### AIM OF THE EXERCISE
Using the records below, find every line that includes "Women" and copy it.
▼
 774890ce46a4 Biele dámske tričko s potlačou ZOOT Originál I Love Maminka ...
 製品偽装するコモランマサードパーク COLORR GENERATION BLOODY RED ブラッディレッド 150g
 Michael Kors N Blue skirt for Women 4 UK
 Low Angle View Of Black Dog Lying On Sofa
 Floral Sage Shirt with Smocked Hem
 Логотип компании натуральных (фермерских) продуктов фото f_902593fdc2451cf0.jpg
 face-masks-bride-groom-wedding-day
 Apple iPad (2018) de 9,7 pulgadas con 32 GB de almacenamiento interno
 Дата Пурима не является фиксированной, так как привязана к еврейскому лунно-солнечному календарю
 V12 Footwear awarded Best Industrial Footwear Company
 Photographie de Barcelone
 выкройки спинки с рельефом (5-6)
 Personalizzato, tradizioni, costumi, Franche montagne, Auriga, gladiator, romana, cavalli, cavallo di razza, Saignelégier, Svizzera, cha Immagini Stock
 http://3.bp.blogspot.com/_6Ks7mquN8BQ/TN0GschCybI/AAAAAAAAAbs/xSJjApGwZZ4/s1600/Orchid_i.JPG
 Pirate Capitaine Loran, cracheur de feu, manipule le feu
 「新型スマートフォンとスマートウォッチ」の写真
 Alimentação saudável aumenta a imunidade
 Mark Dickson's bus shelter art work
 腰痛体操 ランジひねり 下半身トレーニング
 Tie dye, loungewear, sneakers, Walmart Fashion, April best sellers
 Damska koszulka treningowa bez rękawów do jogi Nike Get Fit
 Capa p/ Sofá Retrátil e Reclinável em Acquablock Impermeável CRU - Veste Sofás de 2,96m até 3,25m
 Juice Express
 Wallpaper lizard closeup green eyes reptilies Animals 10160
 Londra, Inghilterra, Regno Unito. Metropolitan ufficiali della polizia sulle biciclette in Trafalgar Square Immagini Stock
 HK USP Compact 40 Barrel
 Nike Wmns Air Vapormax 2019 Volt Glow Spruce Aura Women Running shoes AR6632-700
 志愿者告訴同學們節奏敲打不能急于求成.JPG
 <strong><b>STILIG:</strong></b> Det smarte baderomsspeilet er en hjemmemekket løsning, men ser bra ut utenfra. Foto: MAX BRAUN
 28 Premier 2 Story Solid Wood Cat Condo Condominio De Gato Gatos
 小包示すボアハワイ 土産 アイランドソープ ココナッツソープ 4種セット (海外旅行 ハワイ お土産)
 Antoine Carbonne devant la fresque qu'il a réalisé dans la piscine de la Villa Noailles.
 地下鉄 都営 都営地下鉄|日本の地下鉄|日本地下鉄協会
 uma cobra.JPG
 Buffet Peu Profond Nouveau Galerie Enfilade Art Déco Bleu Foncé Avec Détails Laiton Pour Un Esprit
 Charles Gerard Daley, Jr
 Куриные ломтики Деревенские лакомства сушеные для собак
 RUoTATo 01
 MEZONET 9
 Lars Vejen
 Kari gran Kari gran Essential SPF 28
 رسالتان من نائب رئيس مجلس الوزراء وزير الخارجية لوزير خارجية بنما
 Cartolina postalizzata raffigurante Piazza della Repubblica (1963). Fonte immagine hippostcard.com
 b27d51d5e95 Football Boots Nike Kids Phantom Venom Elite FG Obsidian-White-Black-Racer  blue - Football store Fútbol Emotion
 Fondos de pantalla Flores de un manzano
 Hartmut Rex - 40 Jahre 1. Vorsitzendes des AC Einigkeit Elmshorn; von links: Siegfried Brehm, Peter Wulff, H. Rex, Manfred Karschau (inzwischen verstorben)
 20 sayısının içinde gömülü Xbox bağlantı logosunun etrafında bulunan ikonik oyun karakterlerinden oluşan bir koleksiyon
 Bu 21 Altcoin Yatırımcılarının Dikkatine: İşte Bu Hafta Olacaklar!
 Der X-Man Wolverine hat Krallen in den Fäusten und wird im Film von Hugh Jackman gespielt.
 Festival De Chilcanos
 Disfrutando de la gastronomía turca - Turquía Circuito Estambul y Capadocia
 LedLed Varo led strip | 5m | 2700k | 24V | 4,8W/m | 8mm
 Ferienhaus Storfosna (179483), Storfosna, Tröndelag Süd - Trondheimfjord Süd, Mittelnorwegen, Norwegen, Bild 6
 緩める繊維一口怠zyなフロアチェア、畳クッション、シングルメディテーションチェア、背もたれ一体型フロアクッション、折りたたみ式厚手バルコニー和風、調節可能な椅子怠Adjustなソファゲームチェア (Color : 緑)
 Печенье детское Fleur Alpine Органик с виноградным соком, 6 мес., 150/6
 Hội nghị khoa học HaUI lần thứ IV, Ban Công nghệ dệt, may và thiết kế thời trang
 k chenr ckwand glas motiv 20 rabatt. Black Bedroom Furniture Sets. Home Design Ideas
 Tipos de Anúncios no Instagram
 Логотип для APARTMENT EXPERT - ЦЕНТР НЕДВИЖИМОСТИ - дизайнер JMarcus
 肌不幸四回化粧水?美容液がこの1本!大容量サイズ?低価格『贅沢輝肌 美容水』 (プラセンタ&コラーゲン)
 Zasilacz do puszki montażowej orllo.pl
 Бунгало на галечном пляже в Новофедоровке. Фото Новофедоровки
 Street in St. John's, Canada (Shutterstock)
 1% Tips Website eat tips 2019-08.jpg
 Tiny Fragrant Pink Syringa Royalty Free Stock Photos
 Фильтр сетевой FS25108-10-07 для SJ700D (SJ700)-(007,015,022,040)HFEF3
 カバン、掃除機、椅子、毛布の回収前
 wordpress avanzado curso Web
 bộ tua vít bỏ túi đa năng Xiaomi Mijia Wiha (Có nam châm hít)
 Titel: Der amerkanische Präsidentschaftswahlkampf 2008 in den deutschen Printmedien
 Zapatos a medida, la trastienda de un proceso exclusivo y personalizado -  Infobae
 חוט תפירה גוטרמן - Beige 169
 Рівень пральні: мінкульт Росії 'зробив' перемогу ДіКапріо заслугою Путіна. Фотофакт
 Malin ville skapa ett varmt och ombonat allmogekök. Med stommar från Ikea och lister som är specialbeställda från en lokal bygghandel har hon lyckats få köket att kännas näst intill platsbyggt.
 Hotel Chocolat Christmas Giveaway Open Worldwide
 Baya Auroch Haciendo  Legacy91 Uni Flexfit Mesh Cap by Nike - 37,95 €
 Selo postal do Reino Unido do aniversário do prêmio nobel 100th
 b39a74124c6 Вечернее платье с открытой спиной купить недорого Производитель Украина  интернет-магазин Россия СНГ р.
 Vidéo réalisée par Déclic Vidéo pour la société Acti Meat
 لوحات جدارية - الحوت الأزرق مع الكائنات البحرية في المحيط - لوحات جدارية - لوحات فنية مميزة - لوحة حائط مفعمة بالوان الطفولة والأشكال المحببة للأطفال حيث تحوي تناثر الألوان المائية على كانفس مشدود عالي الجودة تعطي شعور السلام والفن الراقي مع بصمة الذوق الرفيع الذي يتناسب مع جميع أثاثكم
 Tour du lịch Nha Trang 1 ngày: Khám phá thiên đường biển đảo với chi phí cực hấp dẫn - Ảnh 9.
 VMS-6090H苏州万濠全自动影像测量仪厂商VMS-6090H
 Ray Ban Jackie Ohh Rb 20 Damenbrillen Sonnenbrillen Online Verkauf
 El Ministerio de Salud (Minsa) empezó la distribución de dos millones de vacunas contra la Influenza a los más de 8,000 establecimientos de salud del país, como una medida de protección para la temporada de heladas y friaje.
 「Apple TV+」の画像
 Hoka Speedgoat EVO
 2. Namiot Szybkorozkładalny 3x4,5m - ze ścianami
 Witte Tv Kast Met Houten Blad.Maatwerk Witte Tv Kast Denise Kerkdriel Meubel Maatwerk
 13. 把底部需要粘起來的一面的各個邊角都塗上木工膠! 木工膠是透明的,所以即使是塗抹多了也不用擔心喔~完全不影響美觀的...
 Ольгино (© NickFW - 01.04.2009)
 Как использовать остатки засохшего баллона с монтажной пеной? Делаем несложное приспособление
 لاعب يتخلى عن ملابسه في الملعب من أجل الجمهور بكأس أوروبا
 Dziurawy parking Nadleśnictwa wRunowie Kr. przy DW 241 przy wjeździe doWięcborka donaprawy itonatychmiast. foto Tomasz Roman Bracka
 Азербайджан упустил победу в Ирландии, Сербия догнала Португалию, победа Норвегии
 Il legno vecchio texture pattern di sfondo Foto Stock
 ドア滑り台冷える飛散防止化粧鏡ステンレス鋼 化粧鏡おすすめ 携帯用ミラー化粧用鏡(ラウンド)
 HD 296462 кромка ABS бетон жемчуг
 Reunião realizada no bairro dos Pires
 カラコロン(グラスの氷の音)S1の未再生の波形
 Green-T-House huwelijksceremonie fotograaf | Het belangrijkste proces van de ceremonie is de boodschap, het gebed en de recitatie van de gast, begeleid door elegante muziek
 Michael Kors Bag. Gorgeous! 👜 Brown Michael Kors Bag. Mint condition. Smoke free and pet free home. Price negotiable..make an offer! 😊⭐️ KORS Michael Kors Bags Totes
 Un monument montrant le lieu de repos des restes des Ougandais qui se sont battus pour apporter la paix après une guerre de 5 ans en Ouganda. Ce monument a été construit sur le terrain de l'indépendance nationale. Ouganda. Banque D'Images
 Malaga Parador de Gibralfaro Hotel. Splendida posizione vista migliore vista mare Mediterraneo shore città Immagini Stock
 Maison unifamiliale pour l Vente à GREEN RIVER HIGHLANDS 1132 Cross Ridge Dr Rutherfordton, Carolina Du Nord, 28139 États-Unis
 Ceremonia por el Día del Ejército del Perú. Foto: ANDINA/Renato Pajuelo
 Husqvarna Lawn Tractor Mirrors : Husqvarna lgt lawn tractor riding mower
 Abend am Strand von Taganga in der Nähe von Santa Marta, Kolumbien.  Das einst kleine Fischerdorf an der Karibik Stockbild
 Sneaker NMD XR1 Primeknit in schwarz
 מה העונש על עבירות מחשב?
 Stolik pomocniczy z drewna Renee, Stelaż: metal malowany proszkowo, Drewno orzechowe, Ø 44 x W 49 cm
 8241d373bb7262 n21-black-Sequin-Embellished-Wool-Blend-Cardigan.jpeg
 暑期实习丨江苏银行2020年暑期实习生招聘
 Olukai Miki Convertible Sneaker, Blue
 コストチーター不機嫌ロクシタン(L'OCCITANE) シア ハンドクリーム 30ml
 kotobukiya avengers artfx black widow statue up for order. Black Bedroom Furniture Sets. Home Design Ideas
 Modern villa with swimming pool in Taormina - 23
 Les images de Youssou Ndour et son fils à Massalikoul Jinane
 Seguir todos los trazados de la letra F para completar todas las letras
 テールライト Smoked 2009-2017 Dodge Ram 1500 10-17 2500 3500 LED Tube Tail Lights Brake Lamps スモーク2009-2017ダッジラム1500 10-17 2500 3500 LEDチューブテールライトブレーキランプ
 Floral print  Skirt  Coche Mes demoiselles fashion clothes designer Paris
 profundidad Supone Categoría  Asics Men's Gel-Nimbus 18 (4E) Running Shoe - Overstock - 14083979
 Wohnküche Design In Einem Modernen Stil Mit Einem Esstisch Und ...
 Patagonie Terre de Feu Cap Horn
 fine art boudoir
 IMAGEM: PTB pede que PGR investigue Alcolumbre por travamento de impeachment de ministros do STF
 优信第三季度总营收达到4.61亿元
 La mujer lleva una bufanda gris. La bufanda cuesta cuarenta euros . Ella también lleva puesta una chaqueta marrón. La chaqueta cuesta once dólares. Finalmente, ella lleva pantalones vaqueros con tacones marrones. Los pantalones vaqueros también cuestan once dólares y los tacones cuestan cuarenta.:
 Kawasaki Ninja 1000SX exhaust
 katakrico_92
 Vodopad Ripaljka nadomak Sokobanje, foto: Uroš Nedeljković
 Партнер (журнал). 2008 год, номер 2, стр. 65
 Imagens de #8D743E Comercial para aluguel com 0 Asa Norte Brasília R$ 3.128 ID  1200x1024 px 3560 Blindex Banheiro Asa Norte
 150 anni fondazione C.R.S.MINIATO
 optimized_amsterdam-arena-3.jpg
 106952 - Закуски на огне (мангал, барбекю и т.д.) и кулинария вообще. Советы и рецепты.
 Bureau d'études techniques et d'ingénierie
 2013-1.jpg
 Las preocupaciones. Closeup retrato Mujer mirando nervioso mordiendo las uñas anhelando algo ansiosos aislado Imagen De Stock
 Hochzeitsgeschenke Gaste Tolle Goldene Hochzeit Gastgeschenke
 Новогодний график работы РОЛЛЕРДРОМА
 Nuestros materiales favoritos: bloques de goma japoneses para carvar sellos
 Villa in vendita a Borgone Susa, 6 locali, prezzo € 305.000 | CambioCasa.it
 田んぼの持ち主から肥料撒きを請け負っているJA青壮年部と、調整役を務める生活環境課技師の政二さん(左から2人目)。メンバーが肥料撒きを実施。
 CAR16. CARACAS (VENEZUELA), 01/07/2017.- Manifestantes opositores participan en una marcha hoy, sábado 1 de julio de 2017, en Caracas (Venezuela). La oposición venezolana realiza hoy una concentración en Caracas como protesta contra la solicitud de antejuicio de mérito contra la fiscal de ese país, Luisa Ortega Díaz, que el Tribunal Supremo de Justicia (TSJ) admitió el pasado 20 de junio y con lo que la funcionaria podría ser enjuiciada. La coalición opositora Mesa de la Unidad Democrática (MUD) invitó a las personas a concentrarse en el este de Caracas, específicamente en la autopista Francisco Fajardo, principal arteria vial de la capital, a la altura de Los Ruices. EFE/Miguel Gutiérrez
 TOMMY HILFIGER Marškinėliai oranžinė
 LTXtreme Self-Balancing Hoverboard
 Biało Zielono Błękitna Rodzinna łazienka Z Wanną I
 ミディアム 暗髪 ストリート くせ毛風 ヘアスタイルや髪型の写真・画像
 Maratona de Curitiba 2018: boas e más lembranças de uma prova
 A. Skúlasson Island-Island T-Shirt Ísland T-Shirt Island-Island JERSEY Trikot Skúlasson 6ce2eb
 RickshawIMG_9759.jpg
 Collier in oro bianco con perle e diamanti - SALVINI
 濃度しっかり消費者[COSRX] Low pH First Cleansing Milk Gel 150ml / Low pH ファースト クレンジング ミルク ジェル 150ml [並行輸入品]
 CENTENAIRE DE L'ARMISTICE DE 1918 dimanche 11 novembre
▲
### OUTPUT
 Michael Kors N Blue skirt for Women 4 UK
 Nike Wmns Air Vapormax 2019 Volt Glow Spruce Aura Women Running shoes AR6632-700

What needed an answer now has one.